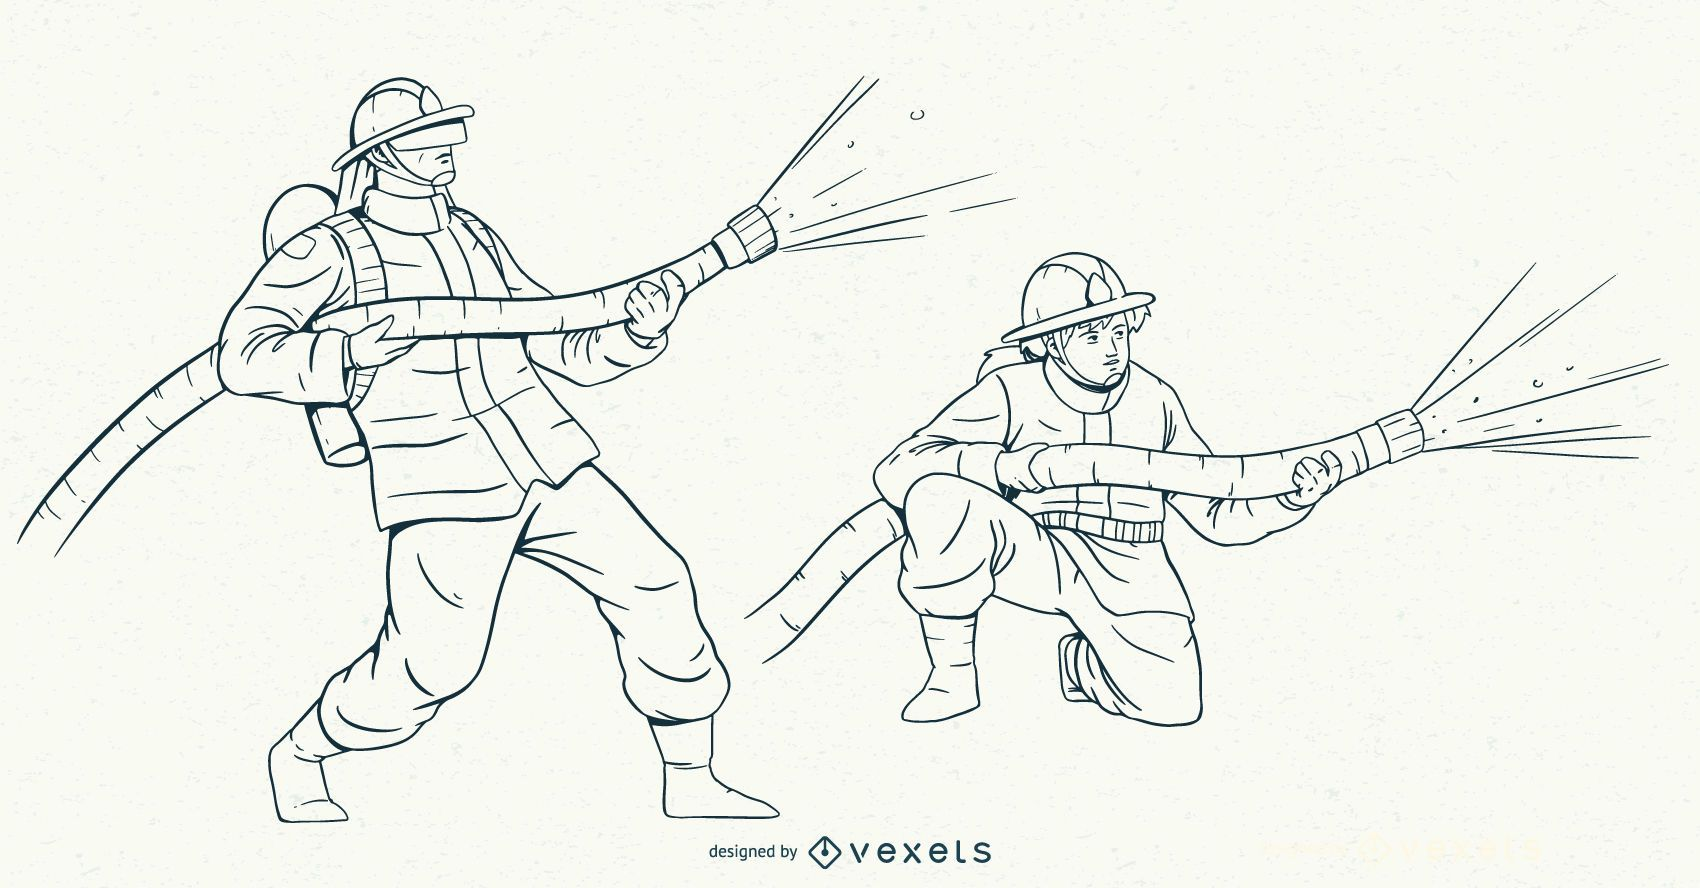 Conjunto de caracteres de trazo de bomberos
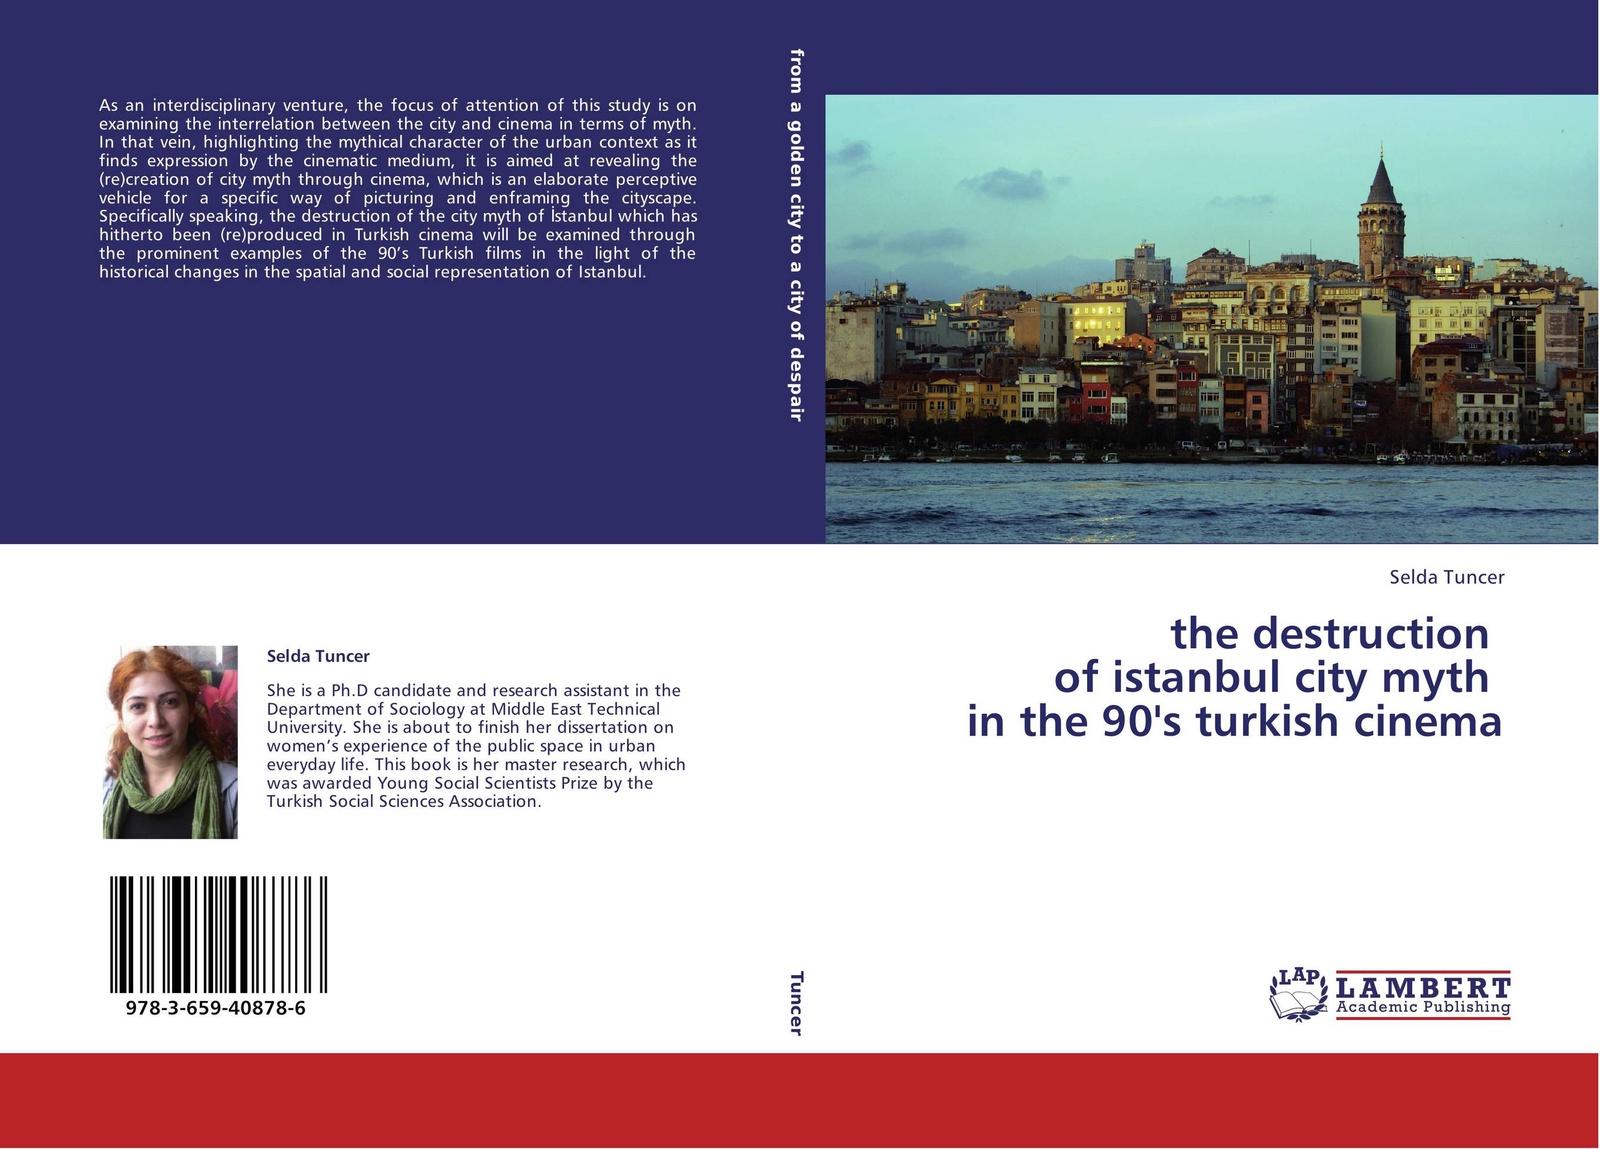 Selda Tuncer the destruction of istanbul city myth in the 90's turkish cinema the anatomy of myth
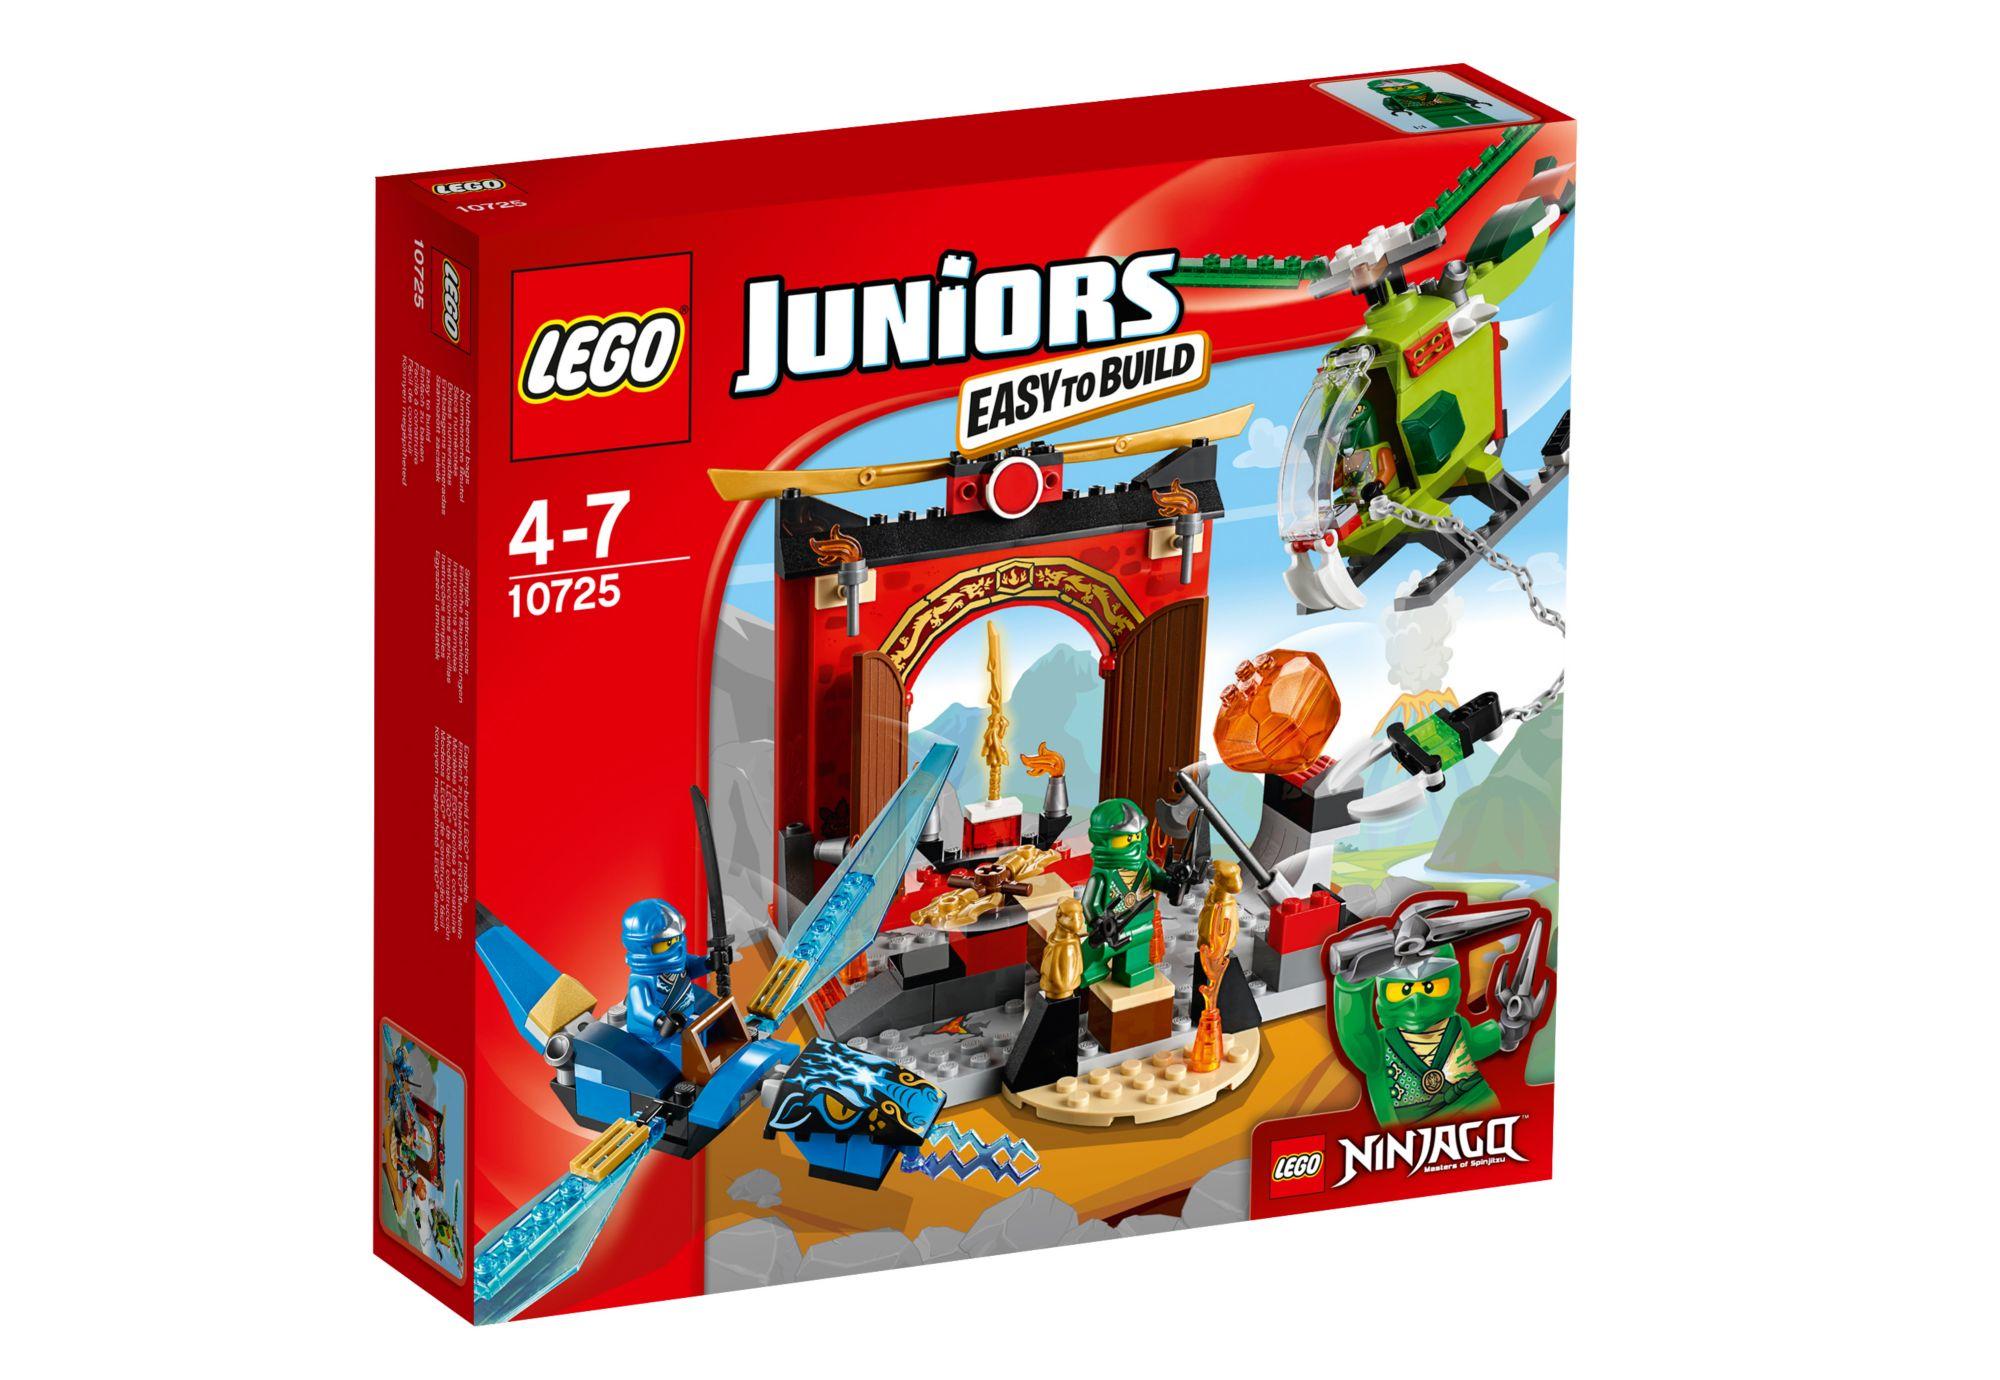 LEGO® 10725 Juniors Der verlorene Tempel, Konstruktionsspielzeug
··········
> [Task objective]: Repeat the material exactly. Any picture in it should be dropped.

> [Exercise response]:
 Conjunto de caracteres de trazo de bomberos
 Selda Tuncer the destruction of istanbul city myth in the 90's turkish cinema the anatomy of myth
 LEGO® 10725 Juniors Der verlorene Tempel, Konstruktionsspielzeug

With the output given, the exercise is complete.